Broken mansard roof: diagrams, dimensions, insulation

Rafter systems for the attic

Today there is a real boom in the use of various architectural elements in suburban construction, which, in the context of industrial construction, would seem to be a thing of the past forever. We are talking about devices such as bay windows, attics, mezzanines and the like. They can significantly increase the usable space and give the building an original, beautiful look.

Attics are especially popular, allowing you to create a full-fledged living space in the under-roof space. For this purpose, special rafter systems are used to ensure the possibility of creating such a room, provided that the structure is of sufficient strength.

The installation of a broken attic roof allows you to get a full-fledged living space on the second floor

Features of the arrangement of the attic floor

The installation of attic rafters must be done so that the frame provides maximum reliability, allowing it to withstand the weight of the roofing pie. At the same time, the rafter system must be light in order to reduce the load on the load-bearing walls of buildings.

For this reason, the main material for the construction of attic floors today is still wood that meets these requirements. In this case, ceramic or metal tiles and ondulin are used to cover roofs. These roofing materials allow you to create a reliable coating with excellent performance characteristics.

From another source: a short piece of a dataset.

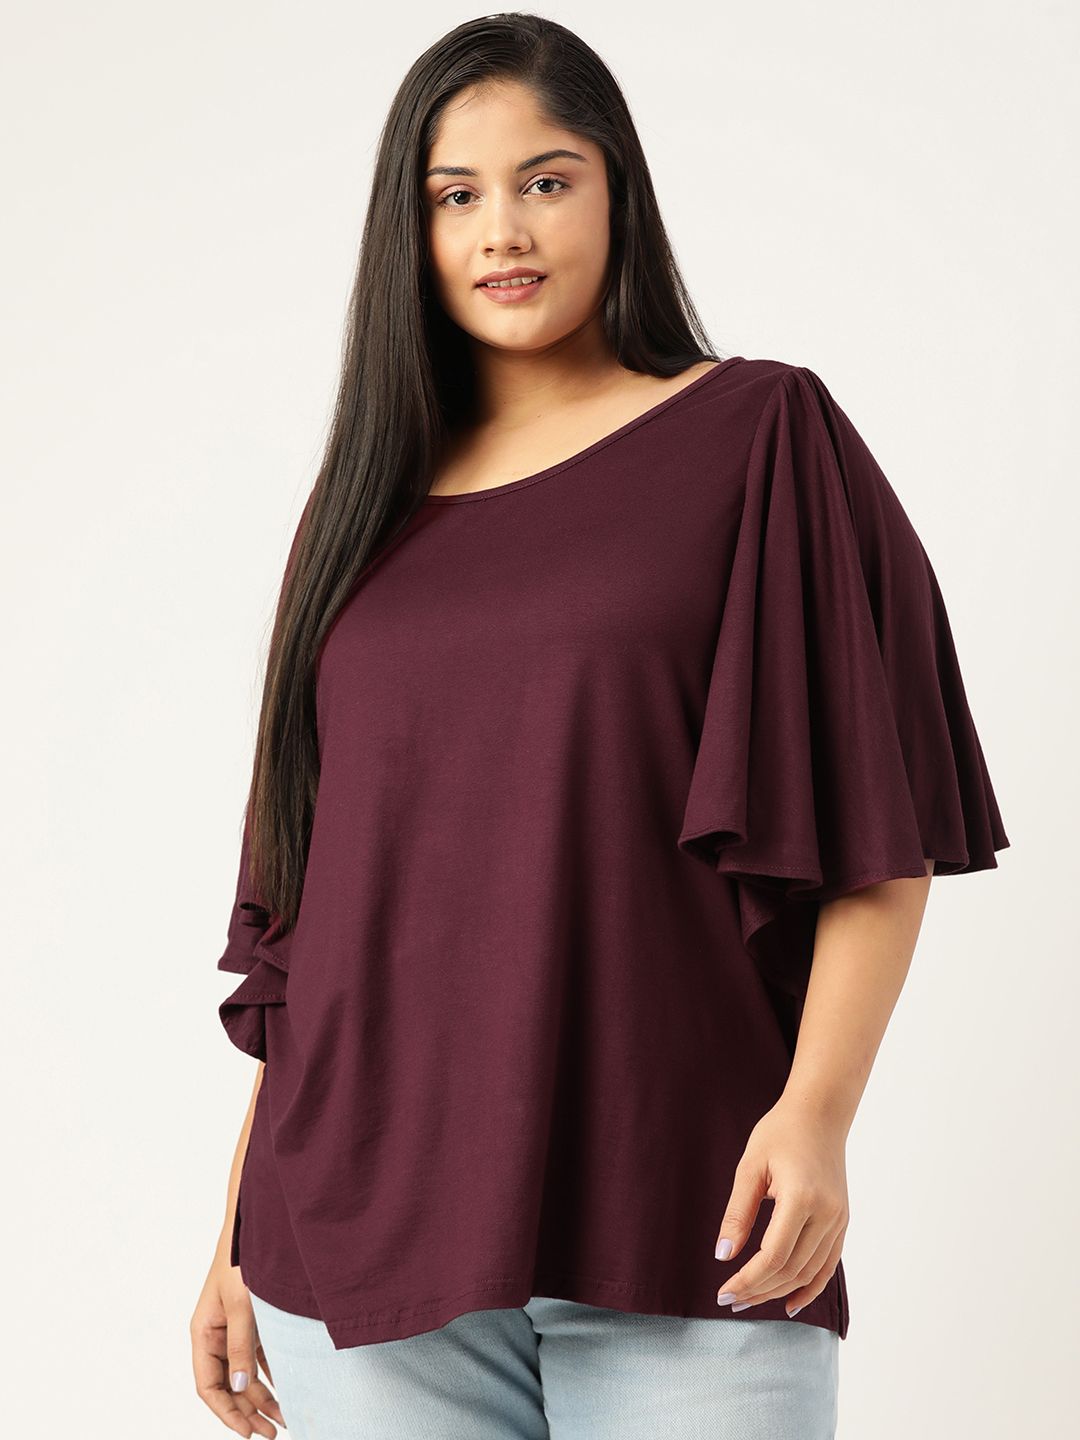 theRebelinme Burgundy Solid Plus Size Top Price in India

When arranging the attic floor, you need to remember that it should provide a higher degree of thermal insulation compared to other living spaces. At the same time, it is necessary to perform high-quality hydro- and vapor barrier.

Types of rafter systems

The main types of rafter systems for attic construction are presented in two options:

• gable;
• broken rafter system.

Photo gallery: what is an attic

A sloping roof allows you to obtain the optimal combination of roof slope and usable area under it

It is possible to increase the volume of the attic in a structure under a gable roof only due to the high height of the ridge

The attic can be “equipped” with an external structure with a balcony under a separate roof

The balcony can be an integral part of the attic roof structure

However, in practice, the roofs of a country house are so diverse that it is almost impossible to classify them. The design uses a variety of elements:

• hip bevels;
• birdhouses;
• awnings;
• semi-built-in translucent structures (greenhouses);
• lanterns and other architectural solutions in the most original and sometimes unexpected combinations.

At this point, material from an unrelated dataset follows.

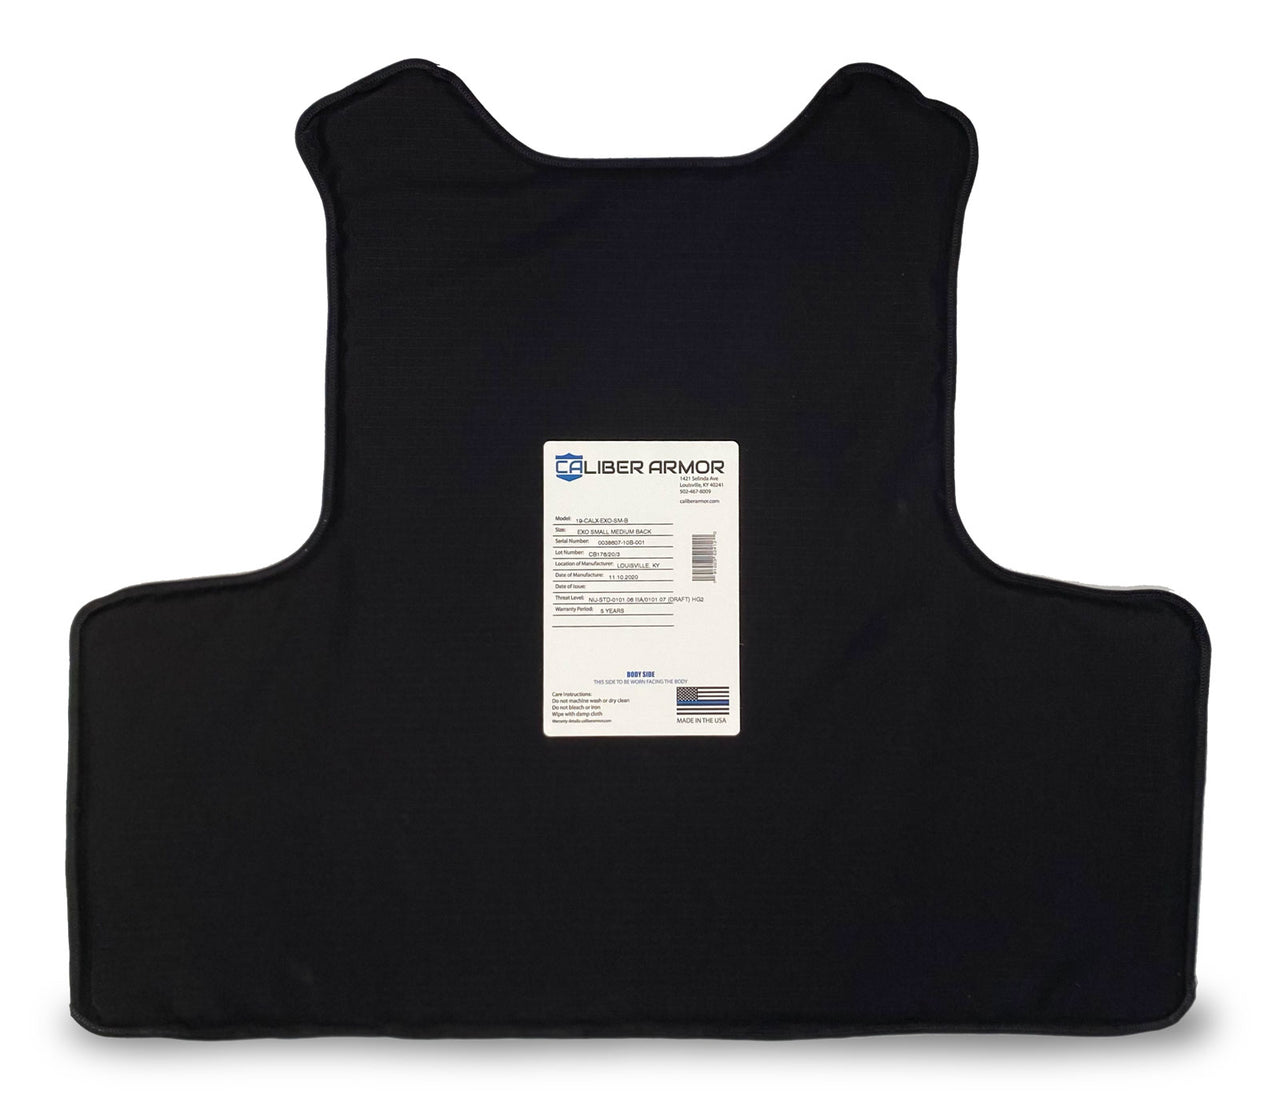 The back of a black vest with Caliber Armor label on it.

Photo gallery: projects of houses with a gable roof and an attic

A gable roof can be decorated with an elegant “birdhouse”, which will also increase the area of ​​the attic

In large houses, a gable structure can be used as one of the elements of the roof composition

The main idea of ​​such a house is to combine simplicity of execution with perfectly selected finishing elements

Elements and components of the attic roof rafter system

Obviously, the most durable structure is a gable roof. But to obtain a sufficiently spacious room with such a rafter arrangement, it is necessary to reduce the angle between the slopes, and this leads to an increase in wind loads on the roof. A reasonable solution is to create a semi-attic, when racks are installed from floor to ceiling to a height of 1.3–1.8 meters, and rafters are already attached to them. Such a device requires the installation of low crossbars to compensate for the thrusting loads from the rafter legs on the racks.

To increase the useful volume of the attic, the crossbars that form its ceiling are installed as close as possible to the ridge unit

The use of a sloping roof allows you to simplify the shape of the attic room and obtain a larger volume of living space.

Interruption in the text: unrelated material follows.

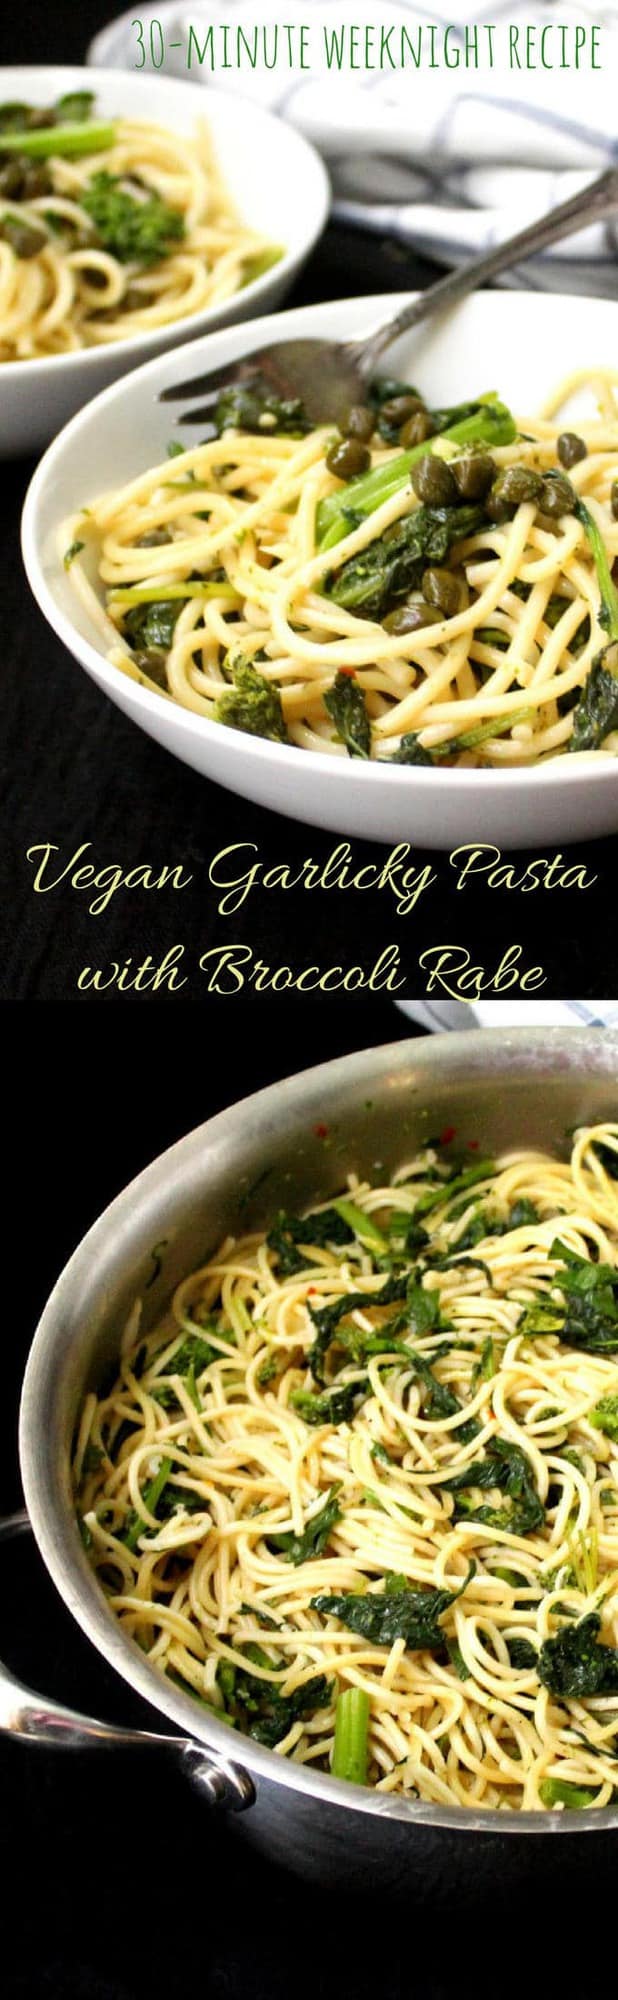 Pin image of pasta in bowls with an inlay that reads "Vegan Garlicky Pasta with Broccoli Rabe. 30-minute weeknight recipe"

The construction of a sloping roof allows you to get a much larger attic than the installation of a conventional gable roof

The main elements of the rafter system are:

1. The supporting base is the Mauerlat. Its purpose is to distribute the loads from the rafters onto the wall.
2. Rafter - a beam that takes the load from the roofing pie.
3. Ridge beam - designed to absorb the load from the rafters in the upper part, often used for fastening and positioning rafters.
4. Stand, jib, spacer. Additional details to enhance the load-bearing capacity of the rafters and compensate for the bending load on the rafters from the roofing pie.
5. The bench is a support for the stand. Placed on translations.
6. Translations are transverse beams that form the basis for the ceiling.
7. Crossbar is a horizontally installed connection between opposite rafters, increasing their load-bearing capacity.
8. Internal and external sheathing. It is stuffed perpendicular to the rafters.

   
   In a simple gable roof design, some elements, such as crossbars and tie rods, may be missing

When installing a rafter system, additional parts are widely used to strengthen the fastening of structural elements.

The use of modern fasteners allows us to effectively strengthen the structure and significantly reduce installation time

Construction of a rafter system for a gable roof with an attic

The gable roof rafter system is based on a triangle - the most rigid figure.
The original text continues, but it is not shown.